Opening strangely on a hot July 16th, 1999, a date that Kubrick hand-picked himself, instead of during the cold months of Oscar season, Eyes Wide Shut was seen by a fair number of eyes. With a large $21.7 million opening weekend, unusually steep drop-offs were in store, and it wound up with $55.7 million (or about $87 million adjusted). While this seemed like a great number for a darkly-themed movie, it was granted a blockbuster budget of $60 million. However, strong overseas numbers to the tune of $106.4 million resulted in probable profit. Eyes Wide Shut still ranks as the number six all-time grossing erotic thriller, a genre that saw brief success in the late-'80s and early-'90s, only getting knocked down a spot last year by the schlocky but sexy fun Obsessed.



The movie polarized critics and audiences. Although the majority of critics gave it positive regards, some considered it glorified pornography. And while Kidman may spend less time acting and more time writhing, I never got the sense that Kubrick was out to make the audience horny rather than talk about marital problems and the expected responsibilities one has as a high-ranking member of society (Cruise gave me a laugh as he waves his license to be a doctor around as if it were a police badge). I must side with the cheerers and not the jeerers, who applauded the film’s in-depth look into serious material that most big studios wouldn’t even touch from a mile away. Kubrick displays the sexual acts in a meaningful context that is more art than obscene. Pornography does not teach morals, but Eyes Wide Shut shows the consequences of well-mannered people in immoral situations where responsibility is thrown out the window. However, there are some times when I wanted to jump into the film and tape Nicole’s mouth shut so she didn’t tell anymore empty alcohol/marijuana-fueled secrets or smack some sense into Tom, telling him that he has a wife hotter than most of the naked ladies in the film – waiting and ready in bed throughout the movie.

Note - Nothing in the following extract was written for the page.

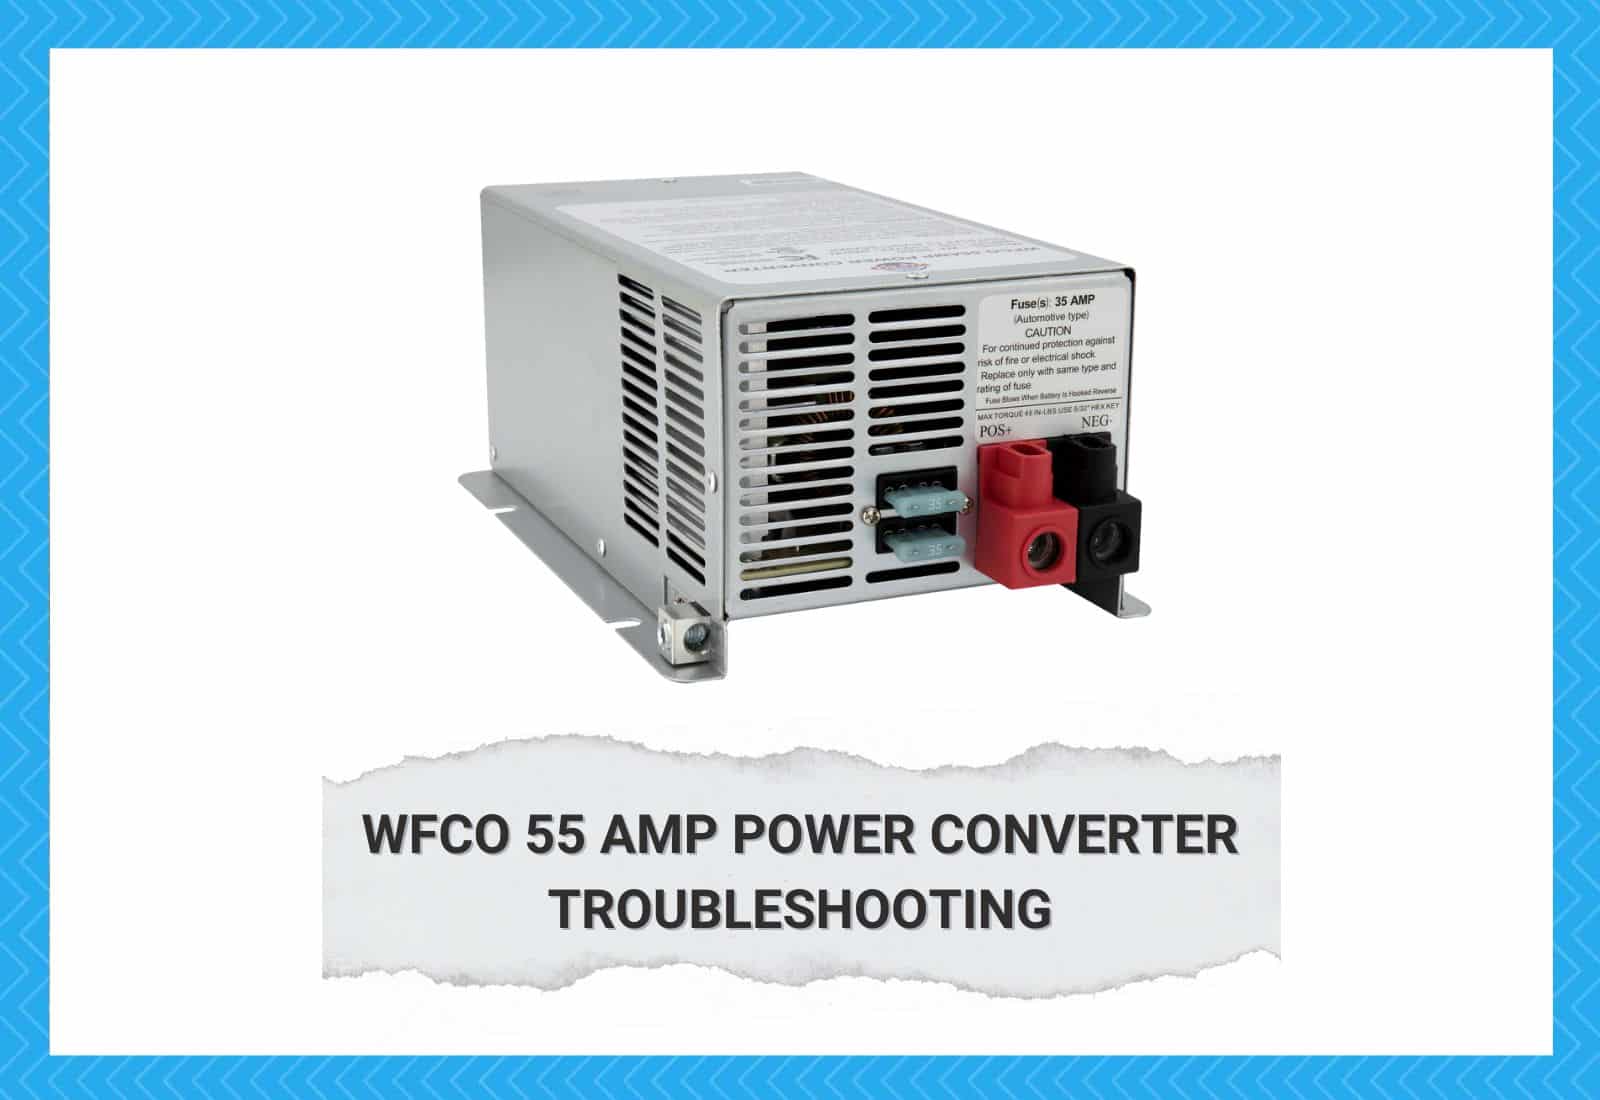 WFCO 55 AMP Power Converter Troubleshooting
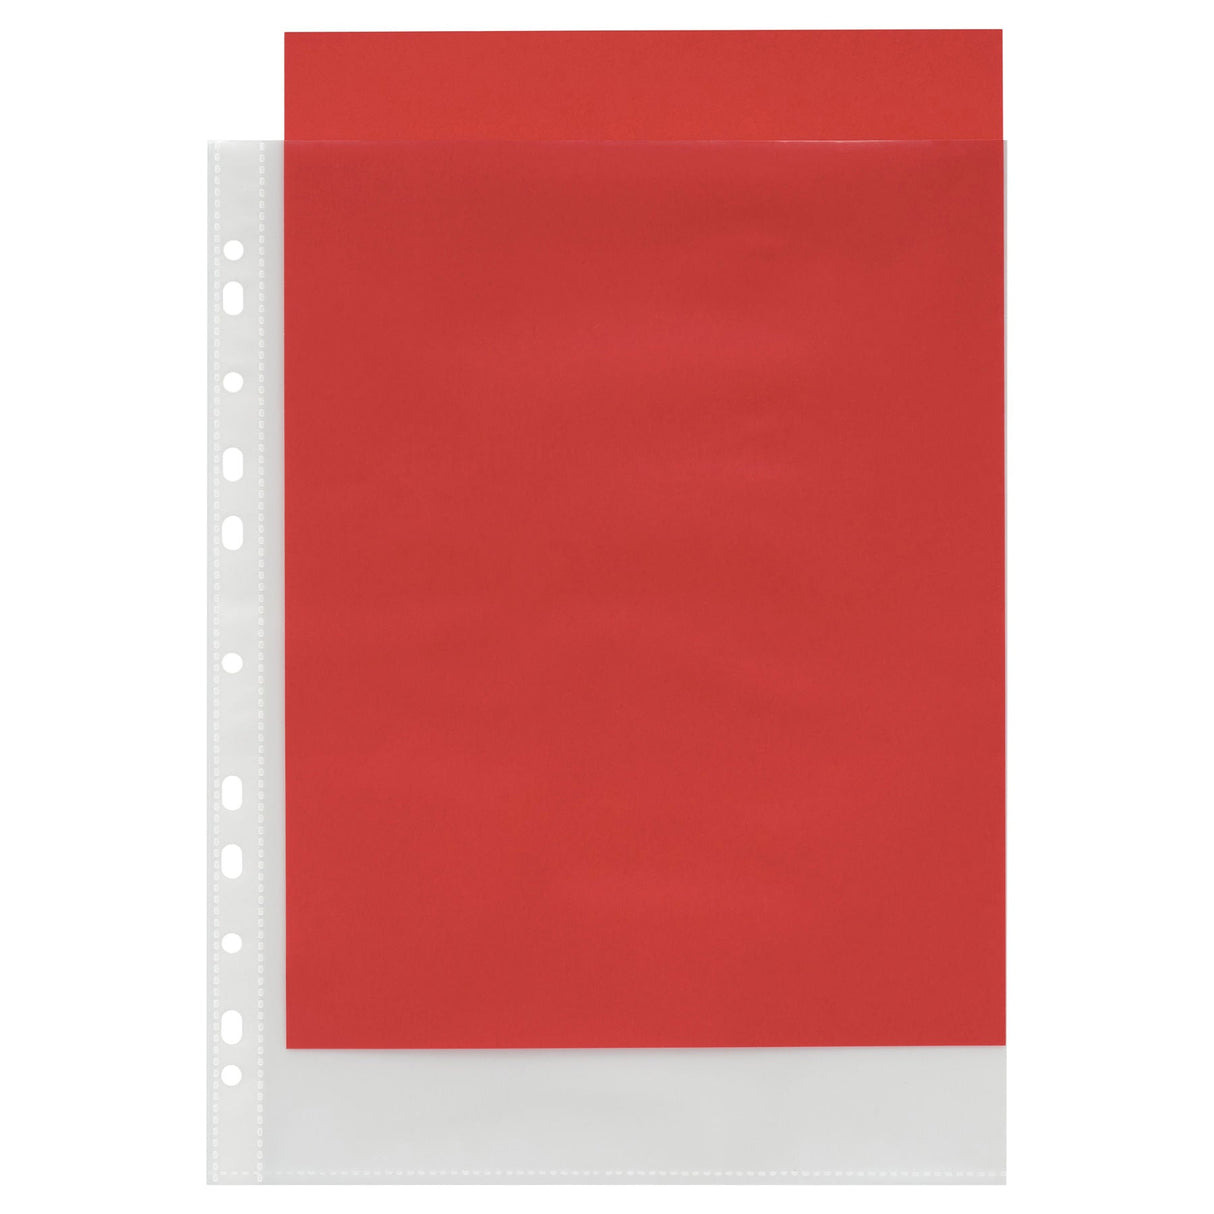 Premier Office A4 Protective Punched Pockets - Pack of 80 | Stationery Shop UK

The rift between critics and the box office fizzle probably affected its Oscar chances in the year where another marriage-in-crisis nudity-filled drama, American Beauty, a film I found beautiful but overrated, swept the awards. And while Kubrick cited this as “his greatest contribution to the art of cinema” according to the film’s executive producer and Kubrick’s brother-in-law Jan Harlan, controversy arose once R. Lee Ermey, one of the stars of Full Metal Jacket, said Kubrick confided in him calling it “a piece of shit” and that “Kidman and Cruise had their way with him.” Maybe these are the reasons why the conservative Academy shied away, giving the film zero nominations (however, it did receive a Golden Globe nom for the brilliantly haunting score by Jocelyn Pook).

Today, a film like this one, without a PG-13 rating or McDonald toy tie-ins, probably would never have received a wide release, or even the budget to be made, but Eyes Wide Shut is still talked about with its ambiguous resolutions and one of Kubrick’s rare happy endings, but again, that is up for “argucission”. With the intense themes still prevalent, but rarely seen in such a raw presentation, the way Kubrick delivers them just does not have the same impact. Although it still packs a wallop, I feel 11 years ago it gave a knock-out punch. As times change and couples divorce and star power fades, one thing still stands: Kubrick is a master visionary whose work deserves to be seen with eyes wide open.